The Zenú or Sinú is an Amerindian tribe in Colombia, whose ancestral territory comprises the valleys of the Sinu and San Jorge rivers as well as the coast of the Caribbean around the Gulf of Morrosquillo. These lands lie within the departments of Córdoba and Sucre.

The Zenú culture existed from about 200 BCE to about 1600 CE, constructing major water works and producing gold ornaments. The gold that was often buried with their dead lured the Spanish conquerors, who looted much of the gold. With the arrival of the Spaniards, the tribe all but died out. The 16th-century Spanish chroniclers wrote about the Zenú who were still living there, but recorded little or nothing about the history of the Zenú.

In 1966 the geographer James Parsons drew attention to rake-like patterns that were visible on aerial photographs of the wetlands in the lower reaches of the river San Jorge, patterns that could not have arisen naturally. Ten years later a major reconstructive research started.
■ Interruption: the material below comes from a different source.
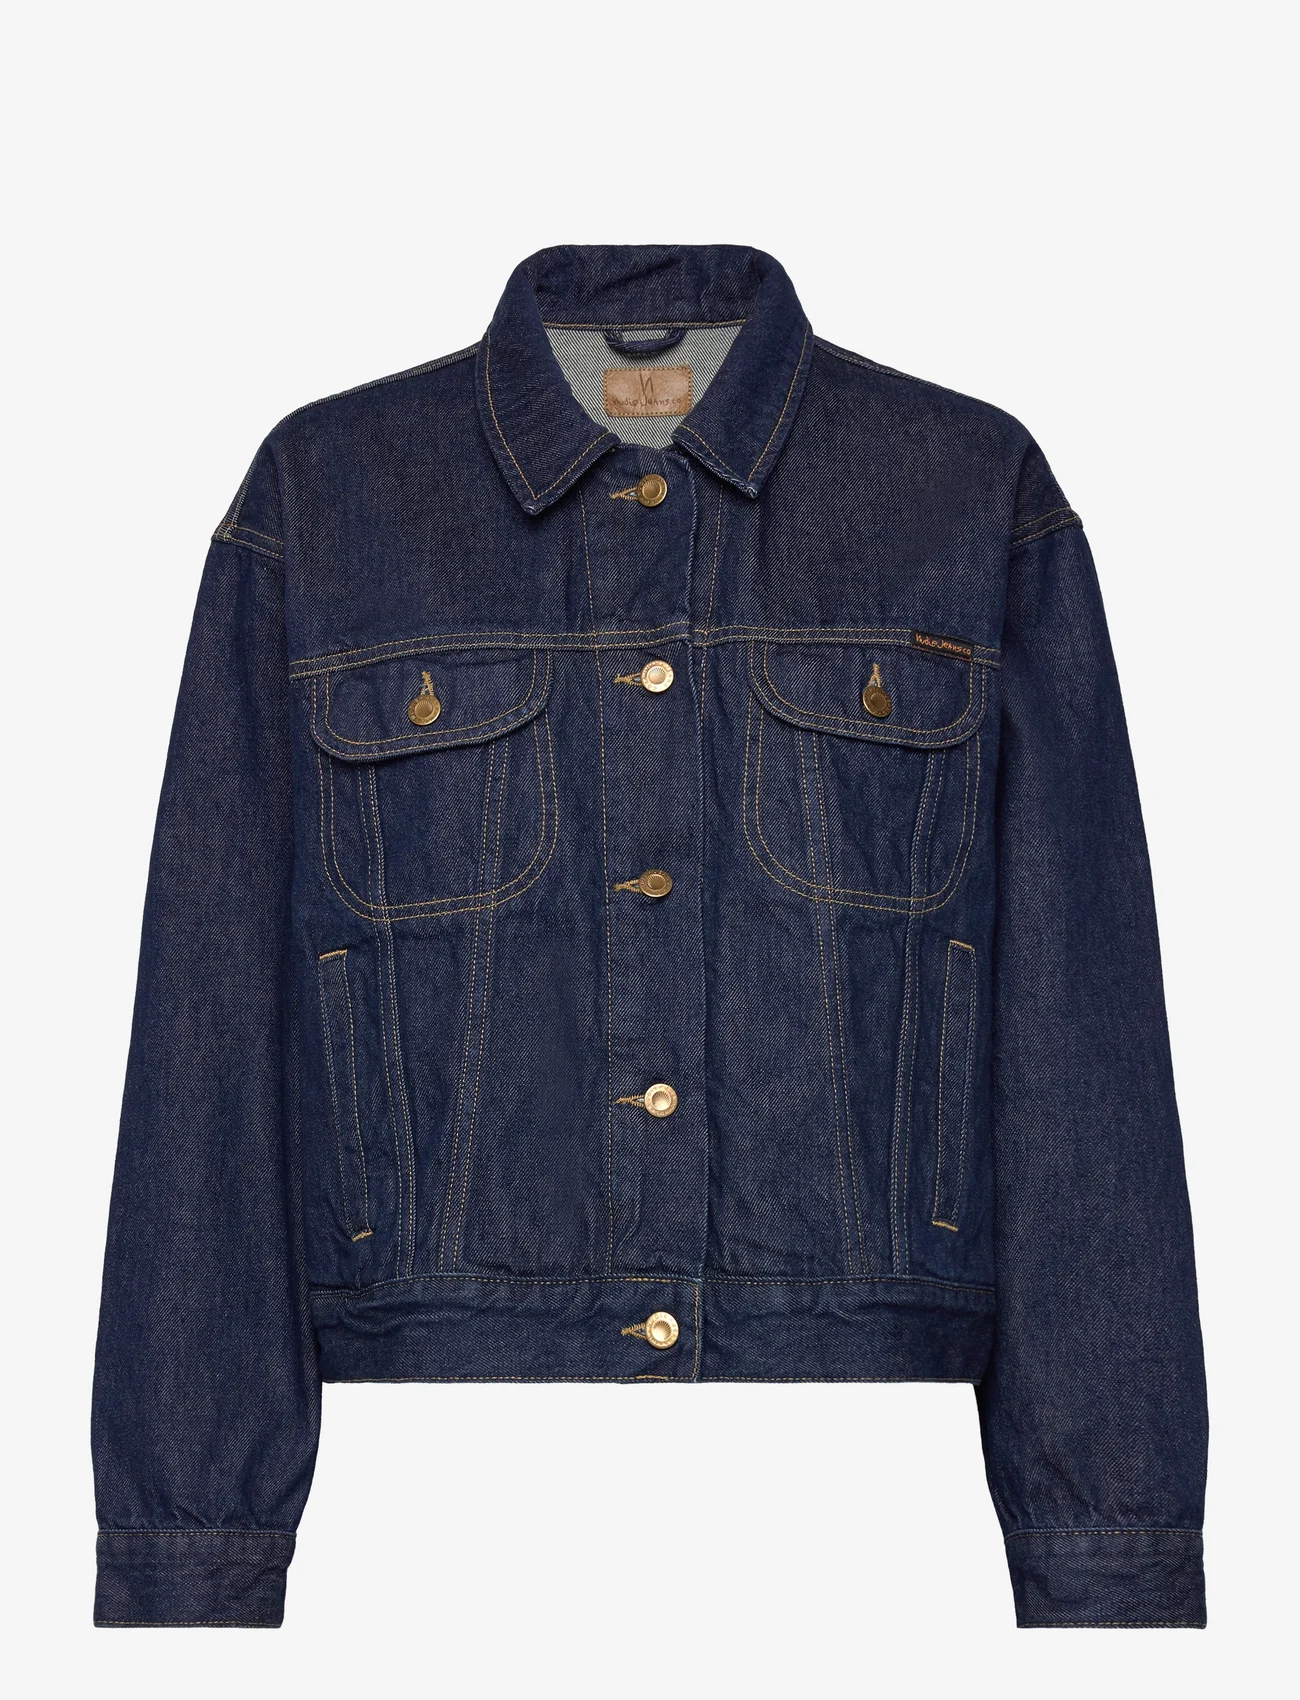 Nudie Jeans - Berit Denim Jacket Classic Blue - jeansjackor - blue - 0

Around 200 BCE, communities of farmers and goldsmiths lived in the valleys of the Sinú, San Jorge, Cauca and lower Nechí rivers, all culturally related with similar artistic expressions, concepts of life and death, and environmental practices. Their means of subsistence were hunting, farming, fishing, and trading in raw materials and finished products. Around 950 CE, about 160 inhabitants per square kilometer lived in the San Jorge basin. After 1100, the Zenú population decreased for unknown reasons and moved to higher pastures that did not flood, requiring no drainage works, where they lived until the Spanish conquest.

The inland delta formed by the San Jorge River, the Cauca River, the Magdalena River and the Nechí River, south-west of Santa Cruz de Mompox, frequently flooded during the rainy season in the mountains from April to November, causing great inconvenience to the residents of the plains. Therefore, from 200 BCE onwards these people built a system of channels that enabled them to control the flooding and make large areas practical for habitation and agriculture. The system was expanded continually. Covering 500,000 hectares between 200 BCE and 1000 CE, it was at its greatest extent in the San Jorge basin, but channels were also constructed in the lower reaches of the rivers Cauca and Sinú.